### DATA EXTRACT

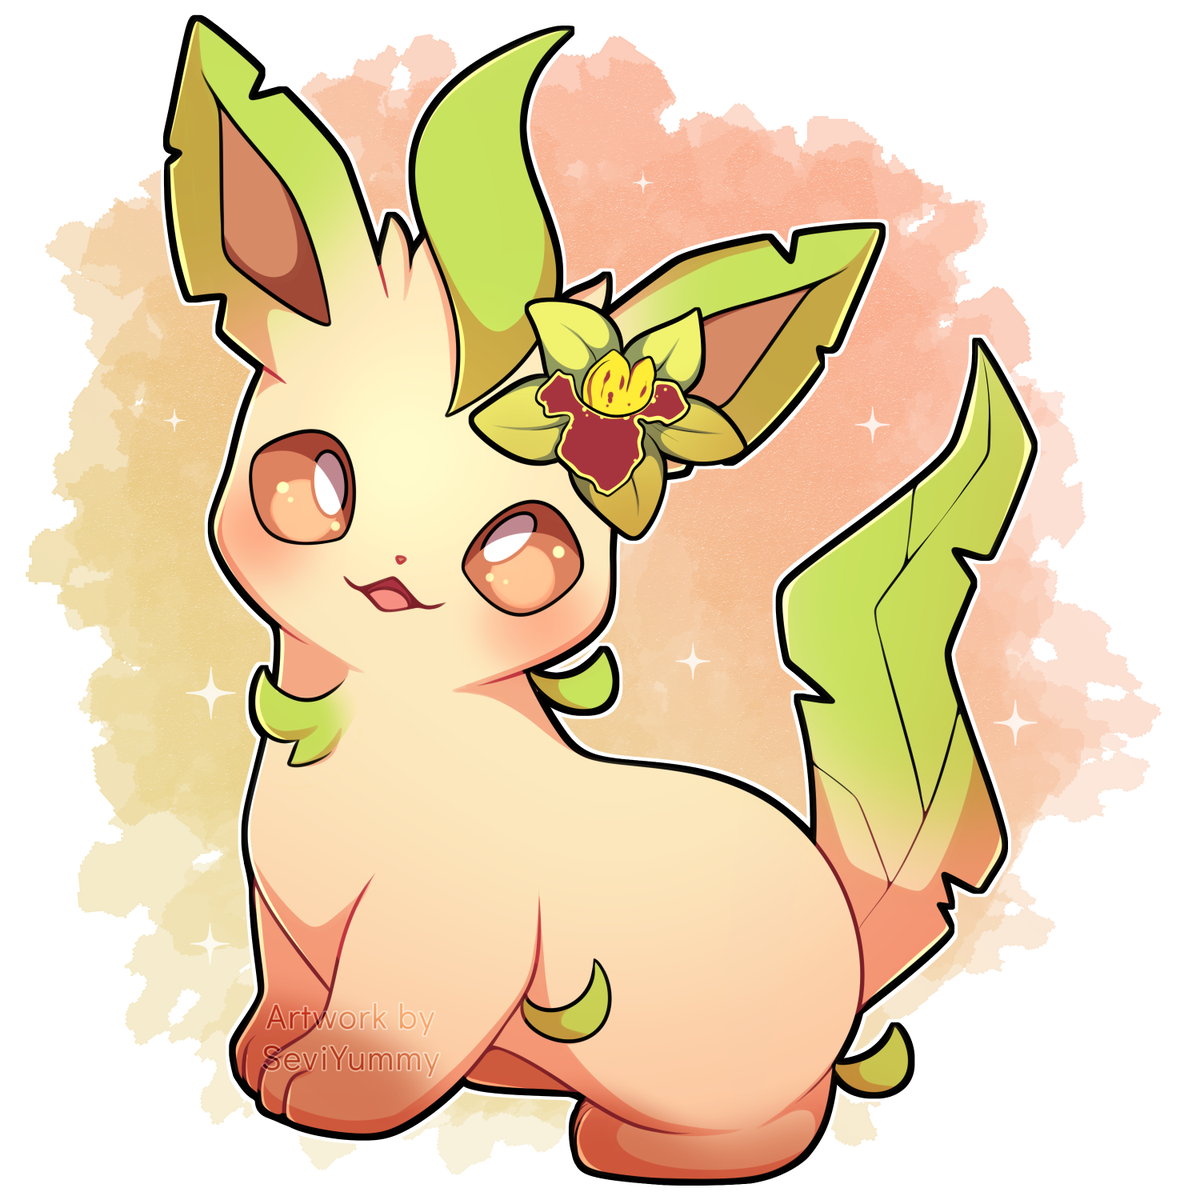 Baby Leafeon Commission for the lovely Pingoddess on Instagram! 
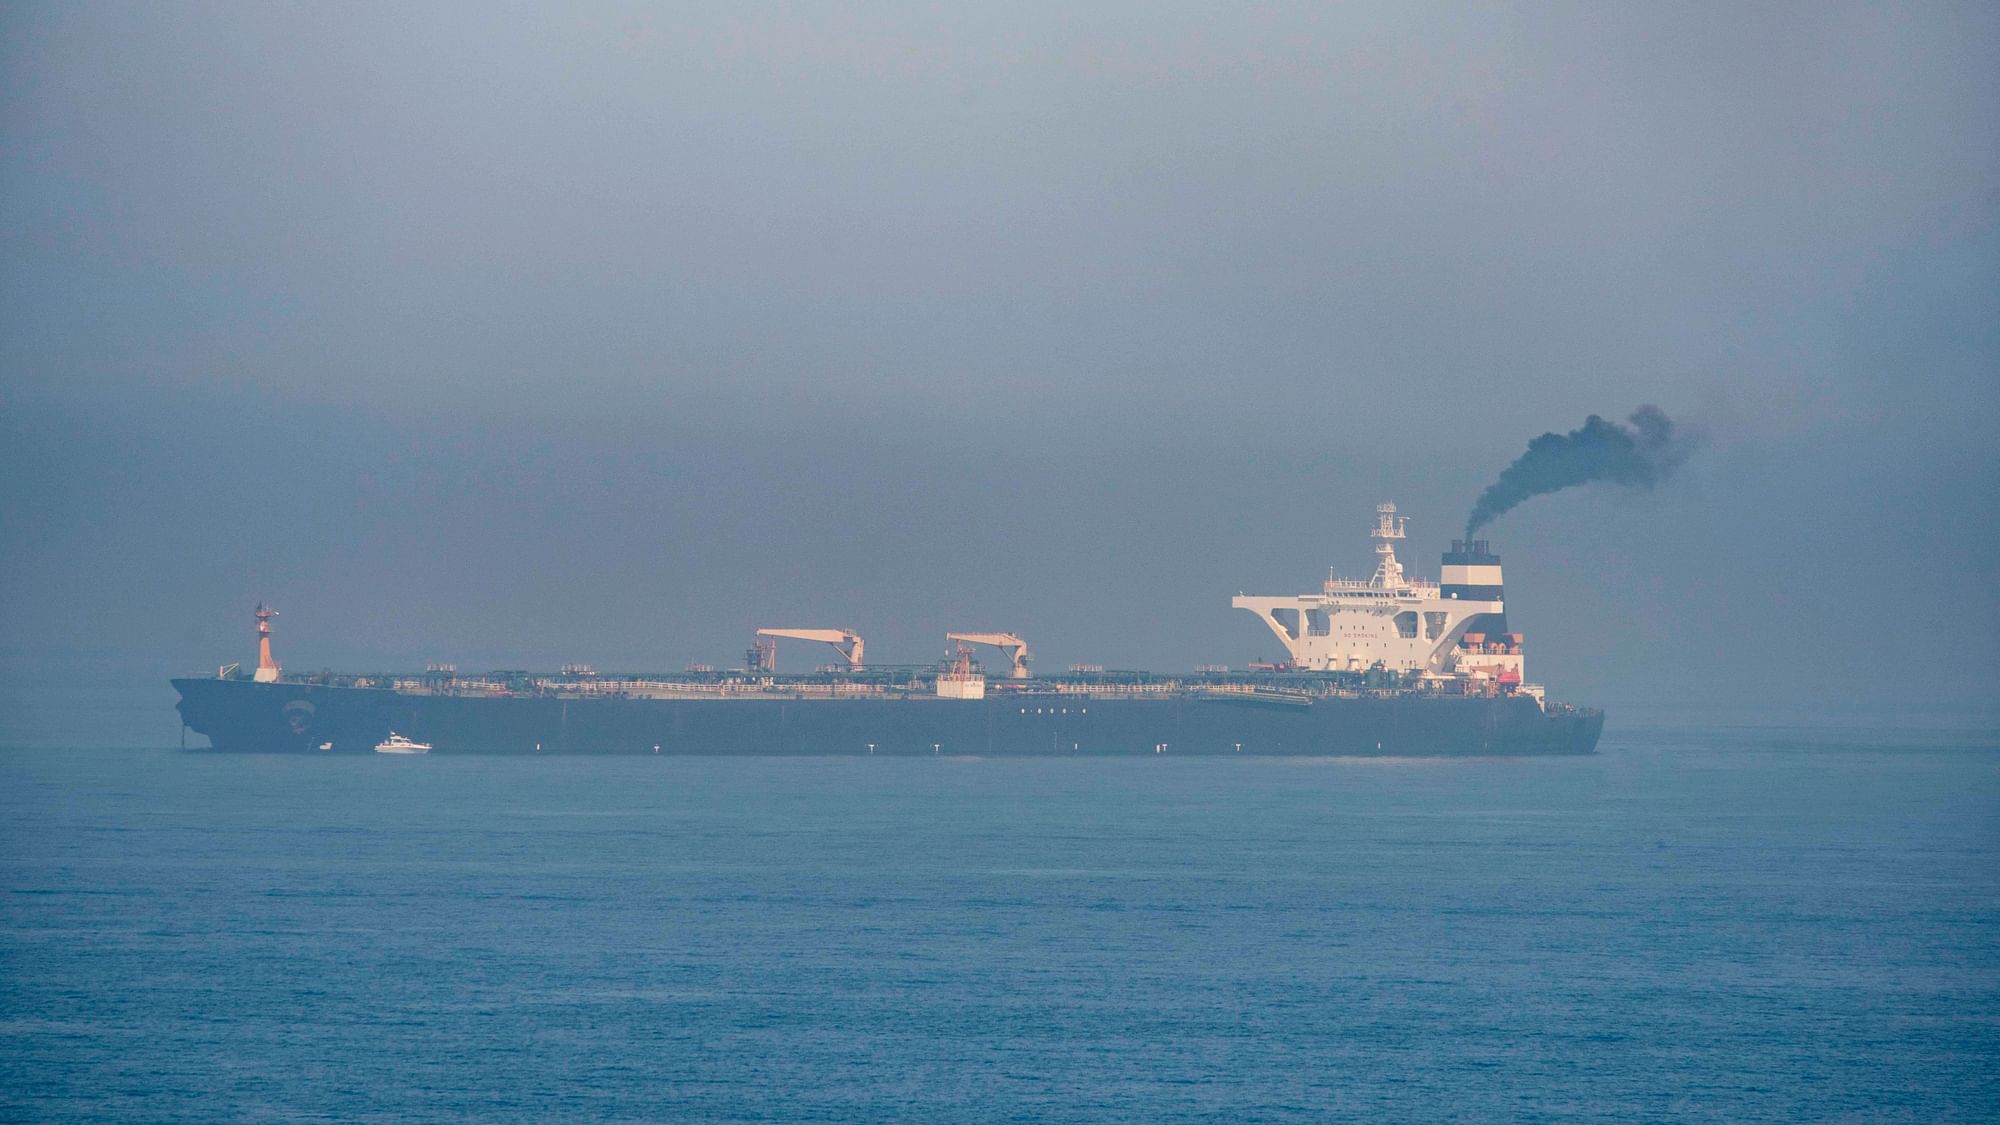  A view of the Grace 1 supertanker in the British territory of Gibraltar. The tanker was seized last month in a British Royal Navy operation off Gibraltar.&nbsp;
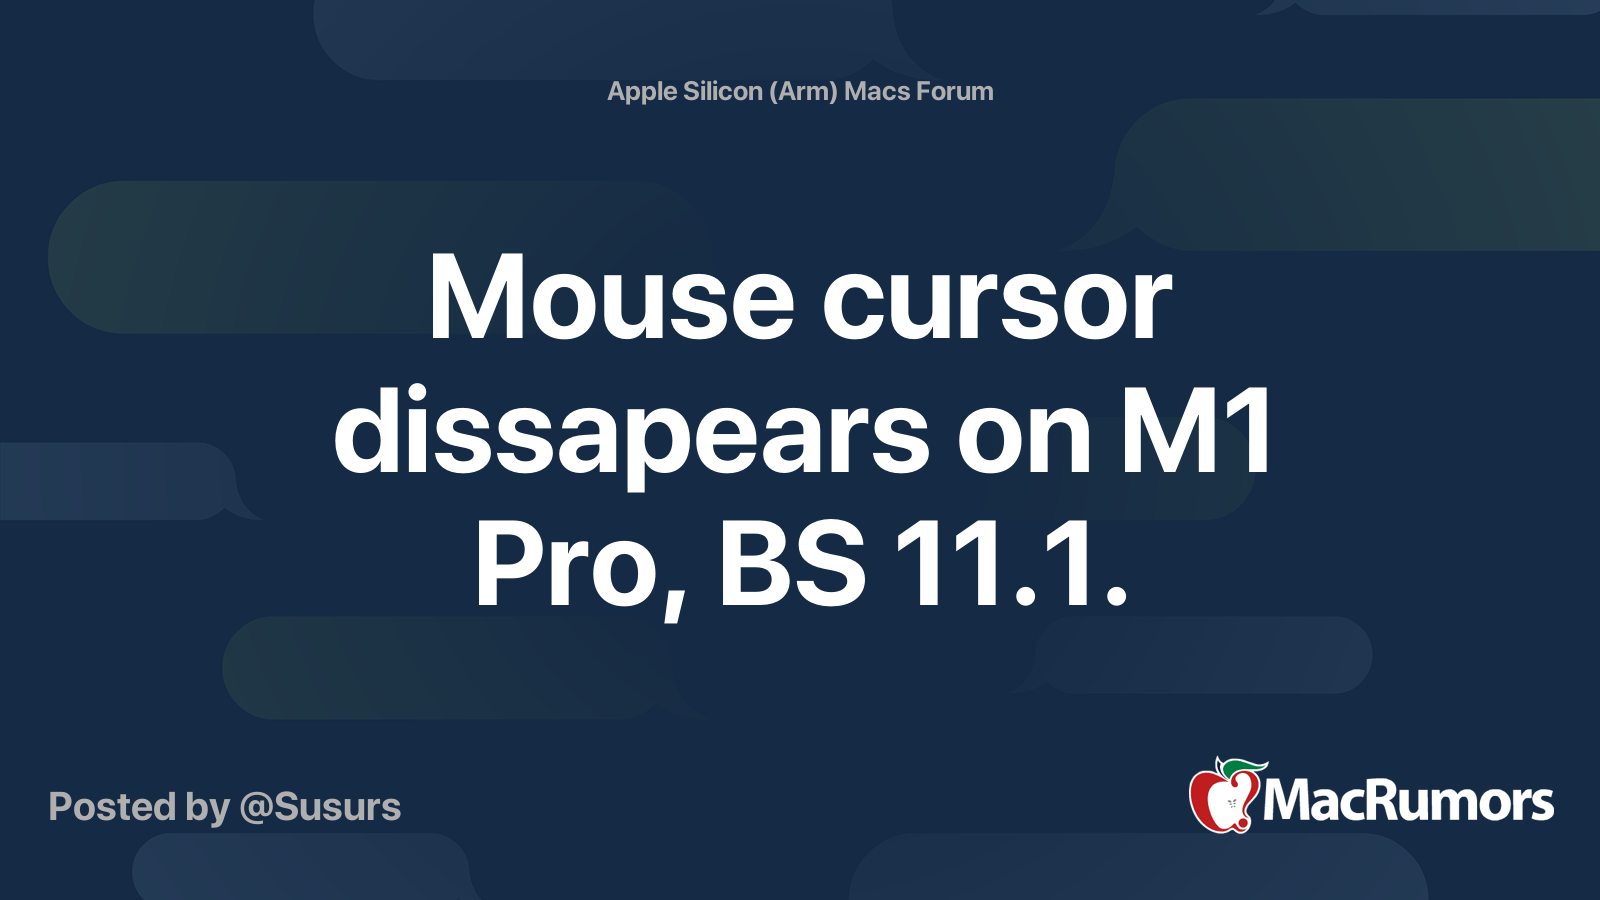 Mouse Cursor Dissapears On M1 Pro Bs 11 1 Macrumors Forums - roblox mouse cursor disappears

######

▸ PROBLEM STATEMENT:
Where the material contains pictures, leave them out and copy the rest verbatim.

▸ ANSWER FOR THE TASK:
 Baby Leafeon Commission for the lovely Pingoddess on Instagram! 
  A view of the Grace 1 supertanker in the British territory of Gibraltar. The tanker was seized last month in a British Royal Navy operation off Gibraltar.&nbsp;
 Mouse Cursor Dissapears On M1 Pro Bs 11 1 Macrumors Forums - roblox mouse cursor disappears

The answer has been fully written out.